TASK TO CARRY OUT
Without the pictures, repeat all of the data exactly as it appears below.

DATASET CONTENT
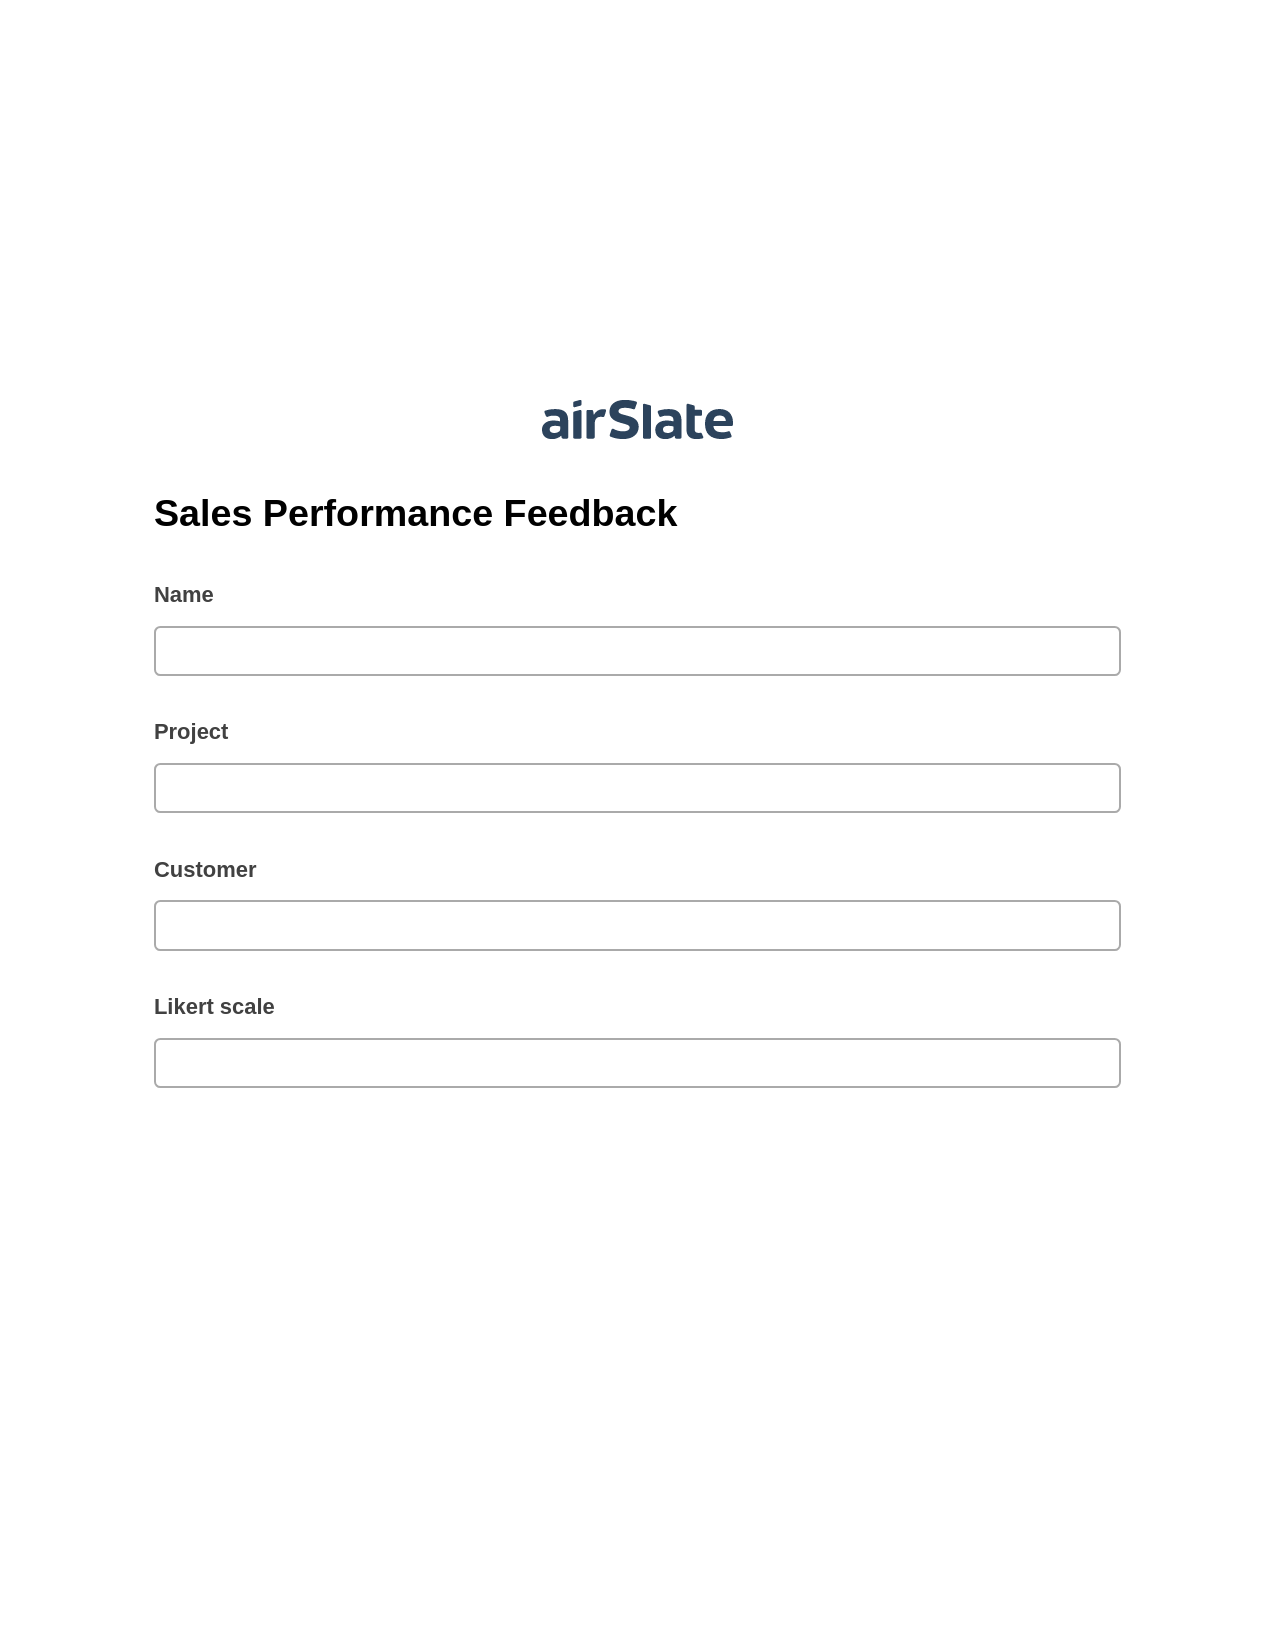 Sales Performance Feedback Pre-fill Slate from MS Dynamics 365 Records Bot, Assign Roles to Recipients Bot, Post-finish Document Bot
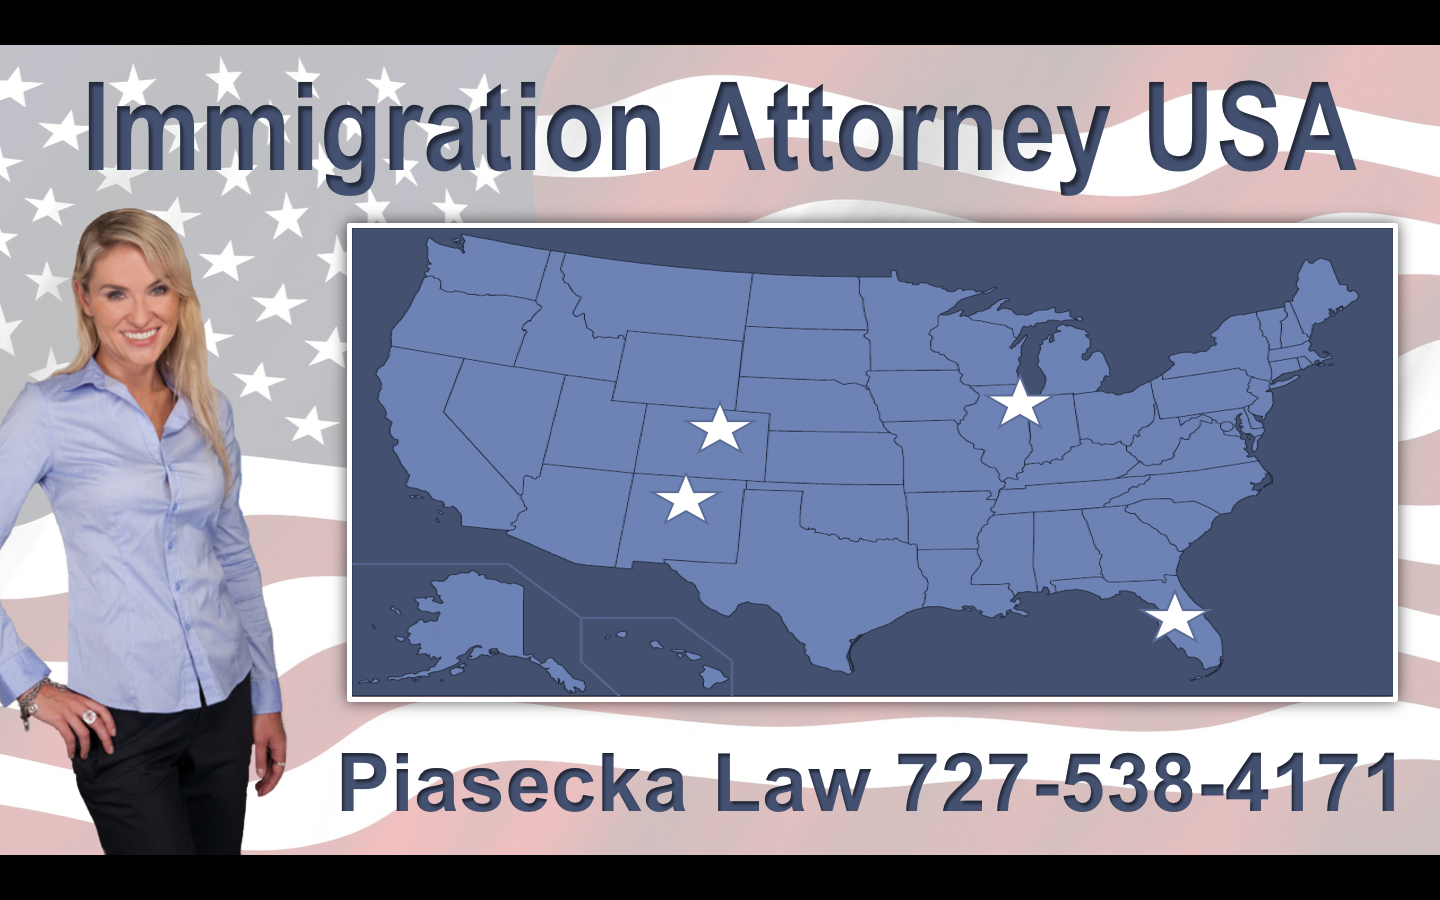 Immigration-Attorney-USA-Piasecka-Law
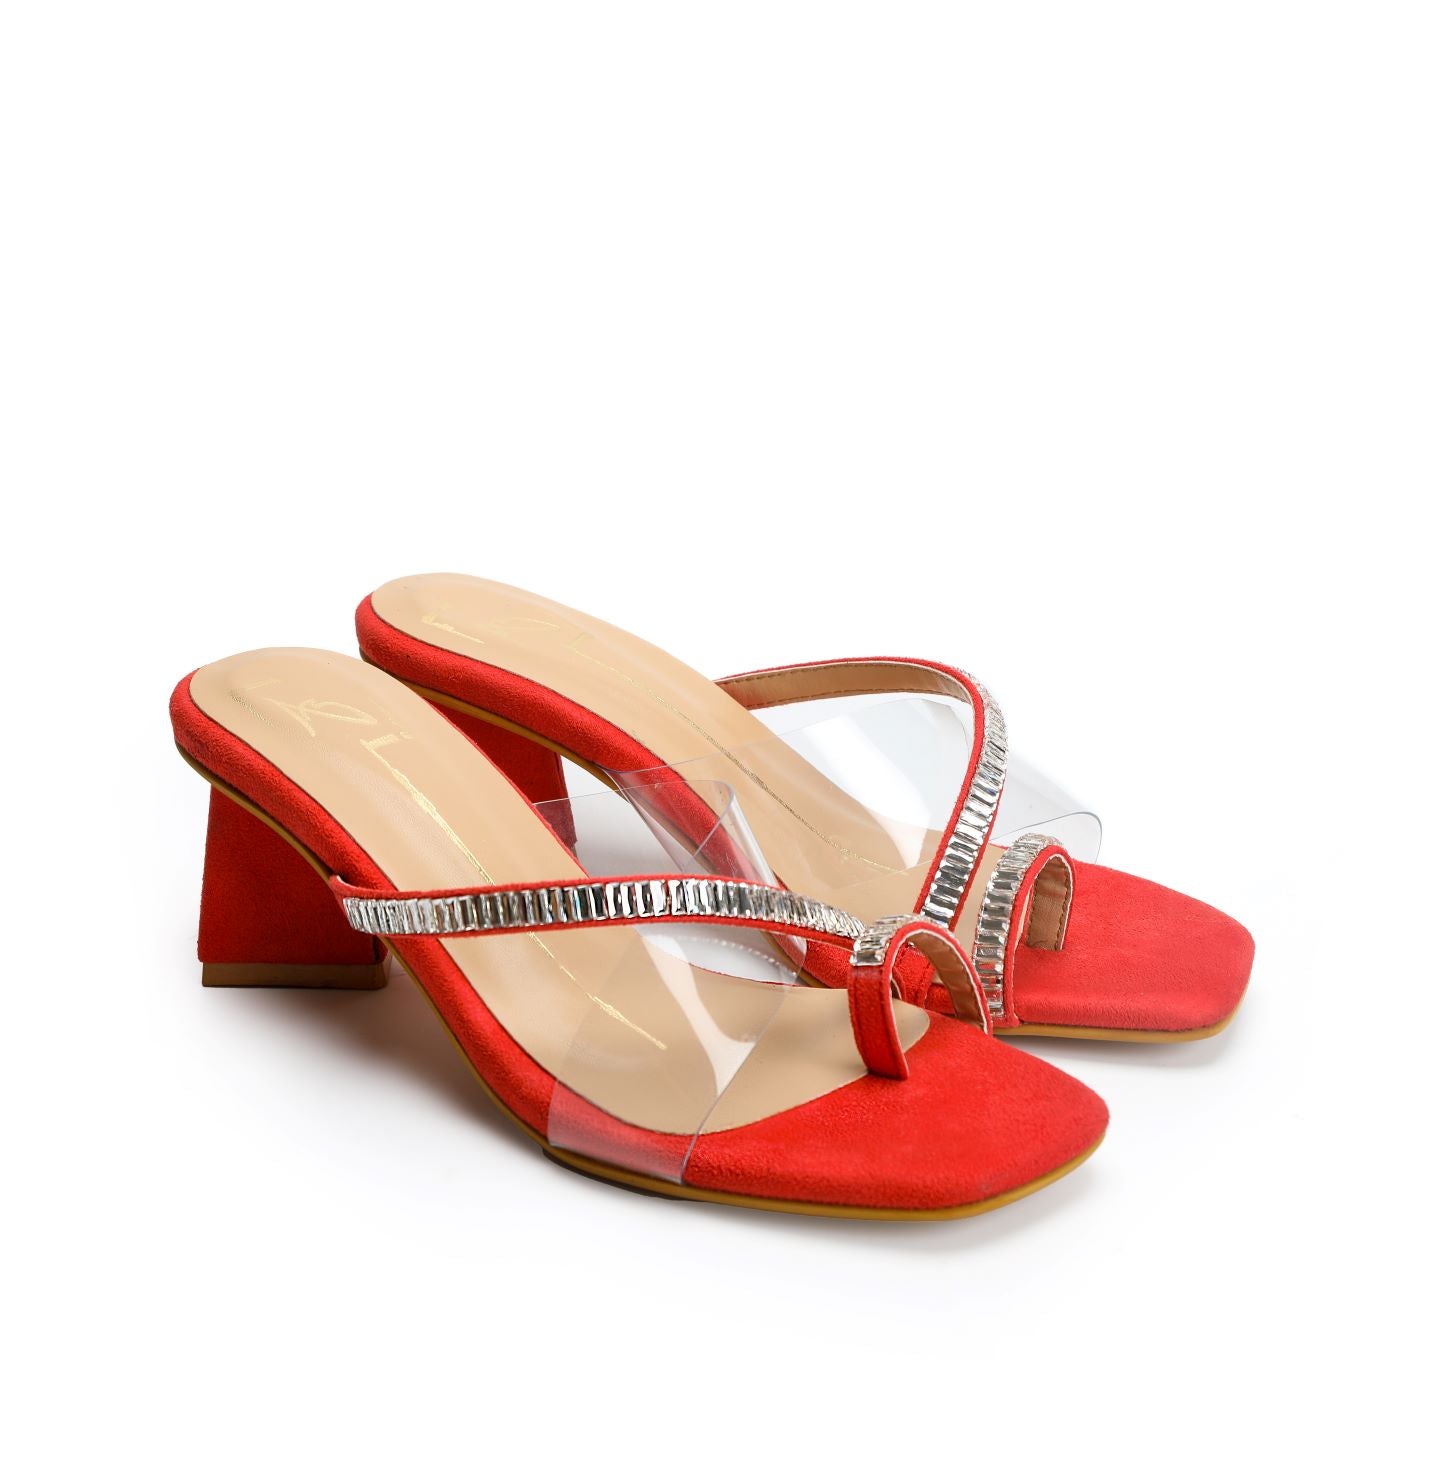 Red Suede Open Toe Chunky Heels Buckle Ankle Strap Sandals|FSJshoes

EXERCISE ANSWER
 Sales Performance Feedback Pre-fill Slate from MS Dynamics 365 Records Bot, Assign Roles to Recipients Bot, Post-finish Document Bot
 Immigration-Attorney-USA-Piasecka-Law
 Red Suede Open Toe Chunky Heels Buckle Ankle Strap Sandals|FSJshoes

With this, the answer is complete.